Inwardly fuming, he turned away from the river and towards the shop. He walked in, a little bell clinking as the door opened and then again as it shut behind him. He looked through the shop and saw that it was nearly empty. Only one patron was present, a young man, probably a college student, tapping furiously at the keyboard of his mini-laptop. A tall clear glass half-full of some coffee drink sat at his elbow, and a Bluetooth earpiece hung on his right ear.
Kevin went to the counter of the dimly lit shop and greeted the young rotund woman who was busily grinding beans. He ordered a house coffee and a chocolate muffin from the smiling girl and then retreated to a booth in the farthest corner. From there, he could see the entrance and yet hope to have a private conversation.

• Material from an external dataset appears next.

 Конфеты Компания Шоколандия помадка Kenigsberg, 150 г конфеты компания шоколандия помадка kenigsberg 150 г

Kevin sat sipping his coffee and nibbling at the muffin as he watched customers come and go. Every few moments, someone would enter the shop. Some ordered a coffee, latté, espresso, or cappuccino; some ordered muffins; and some ordered both; but all left the shop and continued on their ways. Another employee hurried from the back, a stocky young man, his arms loaded with boxes full of muffins probably for delivering to local businesses. He bustled out just as another patron was entering. It was Sharptwig.
The policeman stepped inside and cautiously surveyed the room. When his eyes came to Kevin, he nodded slightly and then ordered himself a coffee. He walked over and slid into the booth, sitting sideways so that his back was to the wall and his right leg was drawn up onto the seat. Kevin noted that this allowed his companion to see around the room while they talked.

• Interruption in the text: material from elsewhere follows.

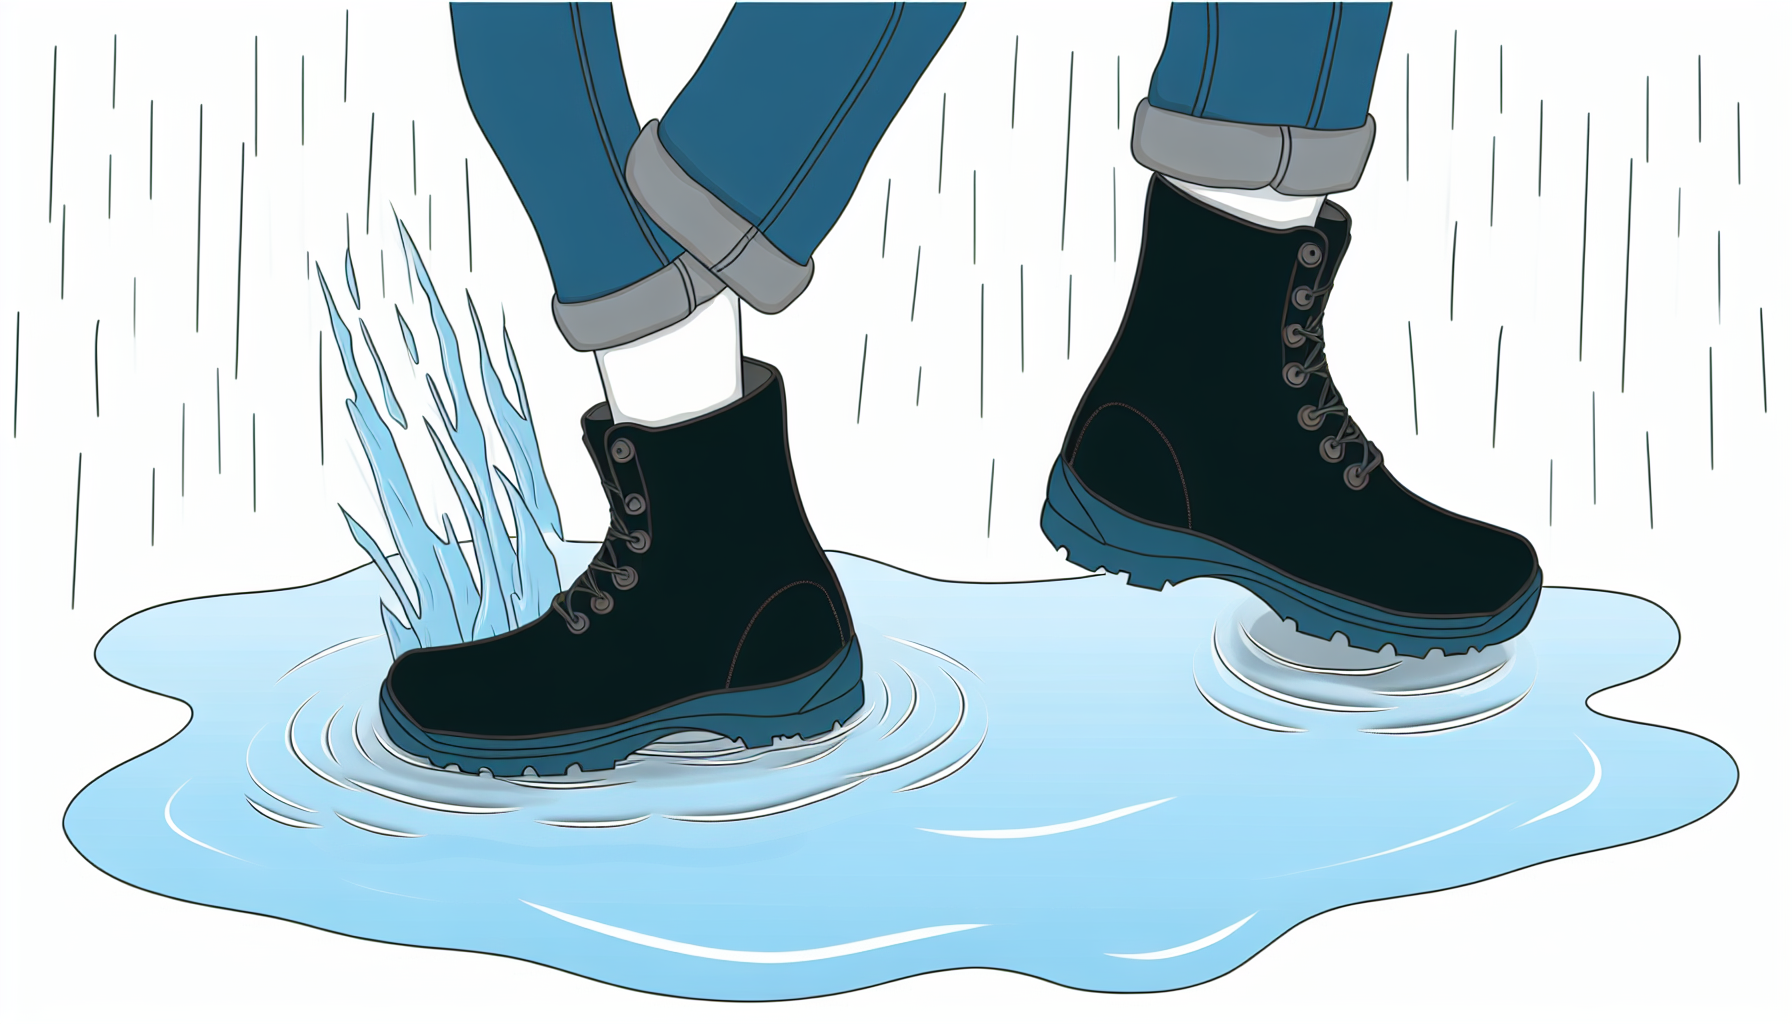 Astuces pour garder ses pieds au sec en milieu humide.

“Everybody okay?” asked Sharptwig when he had settled into the booth.
“So far so good,” Kevin replied. “Jeannie and Heather are at the hospital with Jake. He’s awake and is being moved to a regular room today.”

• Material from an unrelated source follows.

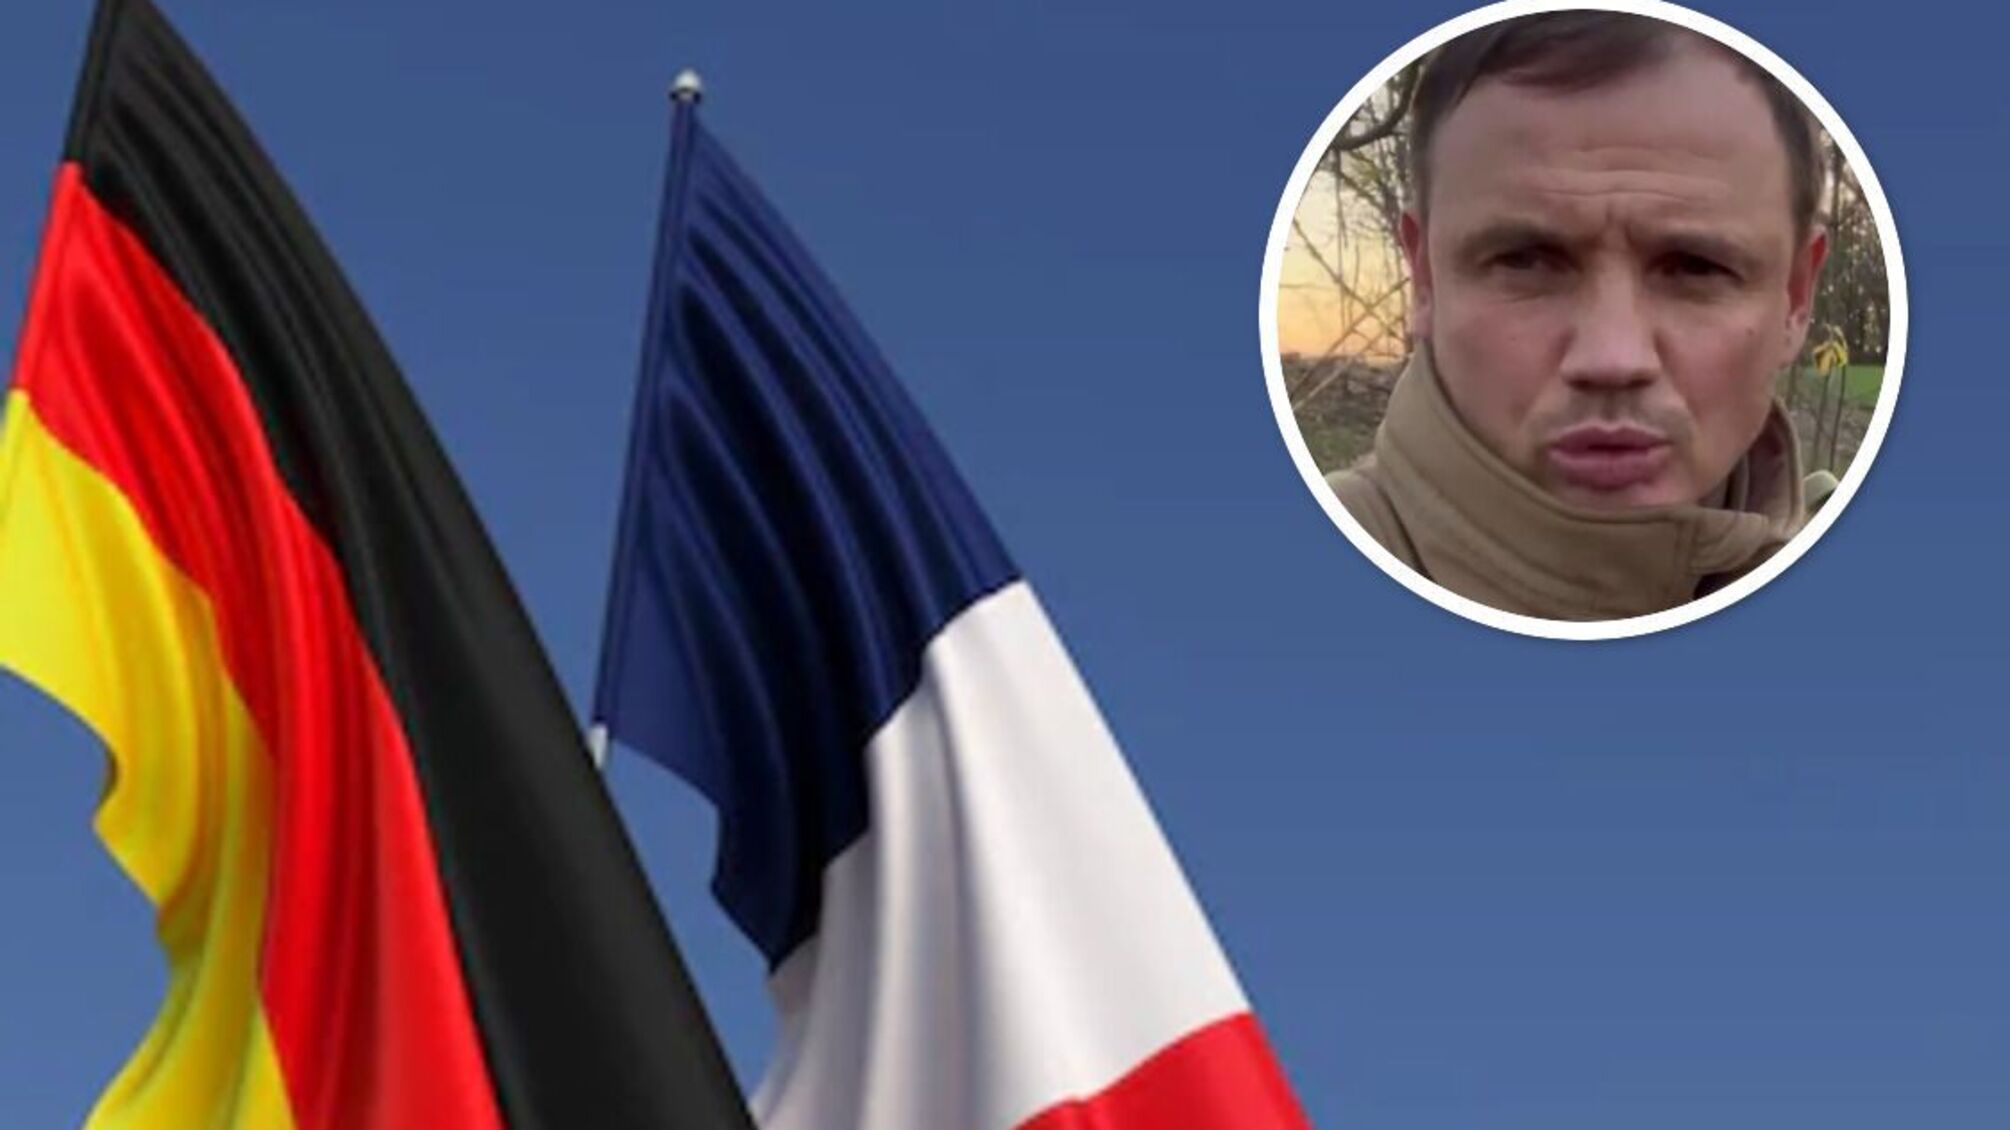 'Французская республика' и 'Немецкая область': гауляйтер Стремоусов анонсировал псевдореферендумы в Европе (видео)

The policeman nodded and smiled, yet something seemed to be troubling him.
“That’s good,” he remarked. Then, after a pause, he looked hard at Kevin. He leaned forward. “There have been . . . some developments. I am trying to process them myself, so I’m not sure how to tell you.” Kevin waited expectantly for him to continue. Sharptwig nervously took a sip from his cup. “The first thing I have to tell you is that I’m being taken off the case of your sister and brother-in-law’s assault. In fact, the matter is considered closed by my commanding officer.”
Kevin was startled. “What do you mean ‘closed’? Have they caught the men who did it?”
“Well, no, they weren’t ‘caught’ exactly. Their bodies were found along a back road outside of town. Each had a fatal bullet wound. They were found up on Tatum’s Ridge Road. From what I understand, they apparently shot each other in some drug-related dispute.”
Kevin did not know what to say at first. Then, “Does that mean it’s over?”
“Officially, yes,” Sharptwig answered, his eyes fixed on Kevin as if trying to read his expression.
“‘Officially’? Uh-oh,” Kevin said, shifting uncomfortably in his seat. “That’s a loaded word. Care to tell me what you mean?”
Sharptwig lowered his voice. “What I’m about to tell you is off-the-record, all right? Promise me that you’ll keep this to yourself.” Kevin raised his eyebrows but nodded his head.
The detective reached into his inside jacket pocket and pulled out a wad of papers. He flipped through them and pulled out two pictures.